Steve Smith takes a trek through the most Southerly tip of mainland Australia
(This first appeared in The Over The Hill Club Magazine and won their writer of the year award 2006)
Where does one begin to describe a hike like none ever taken before? Where kookaburras, wallabies, lorikeets, lizards and paper bark trees adorn ones path. Where the magpies have evolved into what their European cousins would run and hide from. Where previously unseen species of trees and plants appear so abundantly one feels like a modest collector stumbling over the lifetimes work of an expert. For this is a small description of the wonder of Wilsons Promontory. The most southerly tip of mainland Australia.
Taking the 30km park road we camped at Tidal River and took the short hike round to Squeaky Beach. An excursion to pass an afternoon. The trail cut through the dense undergrowth of this national park, founded 1898. Unlike the National Parks of the UK this is untouched, not a means to preserve what has already been changed but this is an area truly never cultivated or abused. Our aboriginal predecessors were good custodians of Australia and this one area shows what we could have done if only we’d followed the wise ways of the ancient people.
Typical path scene
We climbed steadily and easily, signposts guiding us and the vegetations shading us from the brutal Australian sun. A wallaby munched on a tree and allowed us to video him, unphased by our presence. A kangaroo in miniature he reached for the tasty high pickings, intent on filling his belly before loping off onto higher ground.
Navigating a headland from our high vantage point we took in the splendid views of the vegetation covered land spilling into the sea. On squeaky beach we discover its apt name. Grains of granite make up a nearly white beach, every footstep making a satisfying squeak as we made our way across.
Back at Tidal River we made supper, camping amongst the new smells and noises. The kookaburras laughing at our every move. The vicious bullants loping their way around looking for a camper to sink their hot ember of a bite into. The irritating march flies leaving their calling cards of red blotches. We join in the laughs of the kookaburras as one swoops down and thieves the burger filling from the bun held by an American. Cries of “Gee, did you see that?” were soon added to with “It’s done it again,” as another American fell victim.

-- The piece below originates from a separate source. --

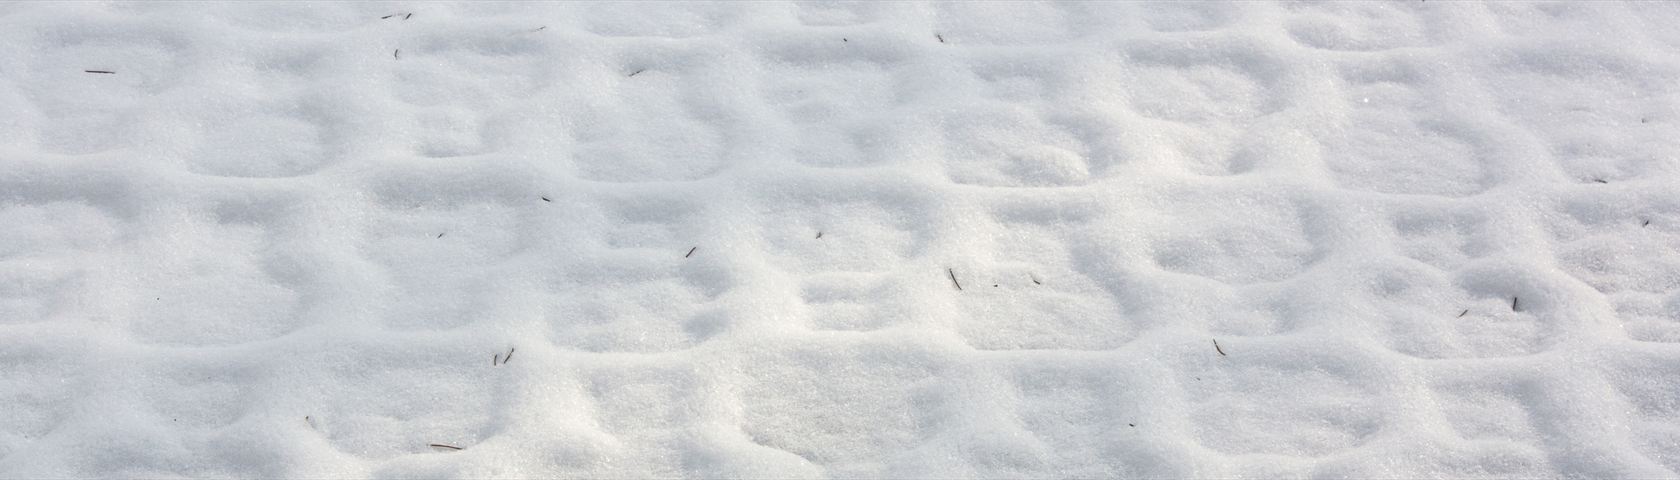 Snowy Pattern

The following morning we set off on our three day trail. With the car left at Telegraph Saddle we headed for Sealers Cove. The high vegetation shading us, grasses one would only ever see in a garden centre saying what might be rare to one is common to another. Black bulbous stems with a shock of grass protruding as a head doing space battles with tee trees and eucalyptus. And hairy trees too - Australia is so butch even the trees are hairy! Areas blackened by bush fires, part of the cycle here with some species only germinating after a fire.

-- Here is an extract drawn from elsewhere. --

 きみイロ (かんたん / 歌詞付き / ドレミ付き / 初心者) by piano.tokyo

So much plant species are only found in Australia and Tasmania. Once connected to a greater continent this is a time trap of a world forgotten elsewhere. The land bridge to Tasmania, broken some 15,000 years ago, allow so much to be shared – trees, animals and people. The aboriginal peoples a further testament to this once isolated continent. People’s who for buildings, money and ownership mean little. Broken away many tens of thousands of years they, like the flora and fauna, are a living testament to the world as it once was.
It took three hours to reach Sealers Cove, named after earlier seal hunting settlers attracted by its fresh water supply. But I was unprepared, we broke off the path onto the white sands of the beach and I was struck by the beauty. A perfect horseshoe cove with tree covered hills folding down towards it. Clear blue sea lapping against the shore, rocks the size of buses. Truly one of the most beautiful places on the earth. For me it outdid Scotland and that takes a lot of beating.
We paused a few hours, swimming in the sea before setting off for Refuge Cove. On the trail we came across a echidna, a spiky ant eater egg laying mammal. Proof of the reptilian past of mammals and like so many Australian species the females nurture their young by way of a pouch.
We camped at Refuge Cove, making use of the excellent toilet facilities, and woke to the chorus of bird cries, squawks and calls never heard before. Water could be got from a short walk and here we discovered the only piece of graffiti on the entire prom – “Yeah but, No but” added to a sign advising all to carry their rubbish out. In a country inhabited by the British even the sayings of Little Britain made it this far.
The following day was dull making the walk to Little Waterloo Bay easier yet still testing with all the ups and downs as the narrow path found the line of least resistance. A brief stroll out to Kersop Peak gave a high view of route to come and the many little islands guarding the coast.
I woke early on our final day, long before dawn – the quarter moon picking our tent out from amongst the tress. I strolled onto the beach at Little Waterloo Bay and walked up and down soaking in the mood and the stars. So hot I did not need a shirt I let the breeze air my body. Gazing up the Milky Way glowed as centre stage. The Southern Cross distinct and unique to south of the equator as The Plough is distinct to our northern hemisphere.
Regeneration after bush fire
We watched the sunrise, a red glow and the orb breaking the horizon then packed and set off inland back to the car at Telegraph Saddle. My body, used to the northern climate, did not take well to the thirty plus degree temperatures. What should have taken four hours (the park route guide is that informative) takes us six. Heat exhaustion grabs me for the last hours, desperate for shade and copious water. Yet both are in short supply as we survey the damage of an accidental bush fire that in 2005 wiped many square miles of bush. We admire the vegetation regenerating, the bullish determination of nature. We press on but have to rest often, the heat is too much and I’m pleased to reach the car. To the final laugh of a Kookaburra I’m bitten by a Bullant and am left poleaxed and writhing on the ground as the hot ember of the bite sinks into me.